__EXERCISE AIM__: Word for word, print every entry below.

__PROVIDED INFORMATION__:
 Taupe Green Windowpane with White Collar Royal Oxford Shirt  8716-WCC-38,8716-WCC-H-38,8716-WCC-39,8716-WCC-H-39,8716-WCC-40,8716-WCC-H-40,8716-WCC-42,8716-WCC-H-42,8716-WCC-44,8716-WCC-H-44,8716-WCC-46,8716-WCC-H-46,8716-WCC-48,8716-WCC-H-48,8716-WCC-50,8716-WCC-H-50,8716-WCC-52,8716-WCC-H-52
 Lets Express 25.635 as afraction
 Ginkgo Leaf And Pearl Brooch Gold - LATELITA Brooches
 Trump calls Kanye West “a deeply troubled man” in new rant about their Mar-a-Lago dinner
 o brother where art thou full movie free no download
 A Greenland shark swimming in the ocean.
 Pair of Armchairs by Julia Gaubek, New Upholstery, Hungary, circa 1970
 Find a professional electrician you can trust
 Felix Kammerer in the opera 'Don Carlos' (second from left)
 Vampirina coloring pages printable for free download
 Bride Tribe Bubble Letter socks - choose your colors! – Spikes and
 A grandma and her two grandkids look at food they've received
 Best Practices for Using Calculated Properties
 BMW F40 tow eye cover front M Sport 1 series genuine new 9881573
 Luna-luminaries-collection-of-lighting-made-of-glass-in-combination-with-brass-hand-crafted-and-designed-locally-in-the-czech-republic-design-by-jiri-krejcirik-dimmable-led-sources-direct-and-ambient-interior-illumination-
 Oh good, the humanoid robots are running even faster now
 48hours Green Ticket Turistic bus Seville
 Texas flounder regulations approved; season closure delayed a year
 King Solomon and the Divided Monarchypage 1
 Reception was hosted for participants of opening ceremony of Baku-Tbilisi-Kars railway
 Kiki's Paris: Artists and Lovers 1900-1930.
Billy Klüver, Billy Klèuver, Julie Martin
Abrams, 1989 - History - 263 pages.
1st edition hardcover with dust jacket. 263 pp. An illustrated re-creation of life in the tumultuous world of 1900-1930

__EXPECTED OUTPUT__:
 Taupe Green Windowpane with White Collar Royal Oxford Shirt  8716-WCC-38,8716-WCC-H-38,8716-WCC-39,8716-WCC-H-39,8716-WCC-40,8716-WCC-H-40,8716-WCC-42,8716-WCC-H-42,8716-WCC-44,8716-WCC-H-44,8716-WCC-46,8716-WCC-H-46,8716-WCC-48,8716-WCC-H-48,8716-WCC-50,8716-WCC-H-50,8716-WCC-52,8716-WCC-H-52
 Lets Express 25.635 as afraction
 Ginkgo Leaf And Pearl Brooch Gold - LATELITA Brooches
 Trump calls Kanye West “a deeply troubled man” in new rant about their Mar-a-Lago dinner
 o brother where art thou full movie free no download
 A Greenland shark swimming in the ocean.
 Pair of Armchairs by Julia Gaubek, New Upholstery, Hungary, circa 1970
 Find a professional electrician you can trust
 Felix Kammerer in the opera 'Don Carlos' (second from left)
 Vampirina coloring pages printable for free download
 Bride Tribe Bubble Letter socks - choose your colors! – Spikes and
 A grandma and her two grandkids look at food they've received
 Best Practices for Using Calculated Properties
 BMW F40 tow eye cover front M Sport 1 series genuine new 9881573
 Luna-luminaries-collection-of-lighting-made-of-glass-in-combination-with-brass-hand-crafted-and-designed-locally-in-the-czech-republic-design-by-jiri-krejcirik-dimmable-led-sources-direct-and-ambient-interior-illumination-
 Oh good, the humanoid robots are running even faster now
 48hours Green Ticket Turistic bus Seville
 Texas flounder regulations approved; season closure delayed a year
 King Solomon and the Divided Monarchypage 1
 Reception was hosted for participants of opening ceremony of Baku-Tbilisi-Kars railway
 Kiki's Paris: Artists and Lovers 1900-1930.
Billy Klüver, Billy Klèuver, Julie Martin
Abrams, 1989 - History - 263 pages.
1st edition hardcover with dust jacket. 263 pp. An illustrated re-creation of life in the tumultuous world of 1900-1930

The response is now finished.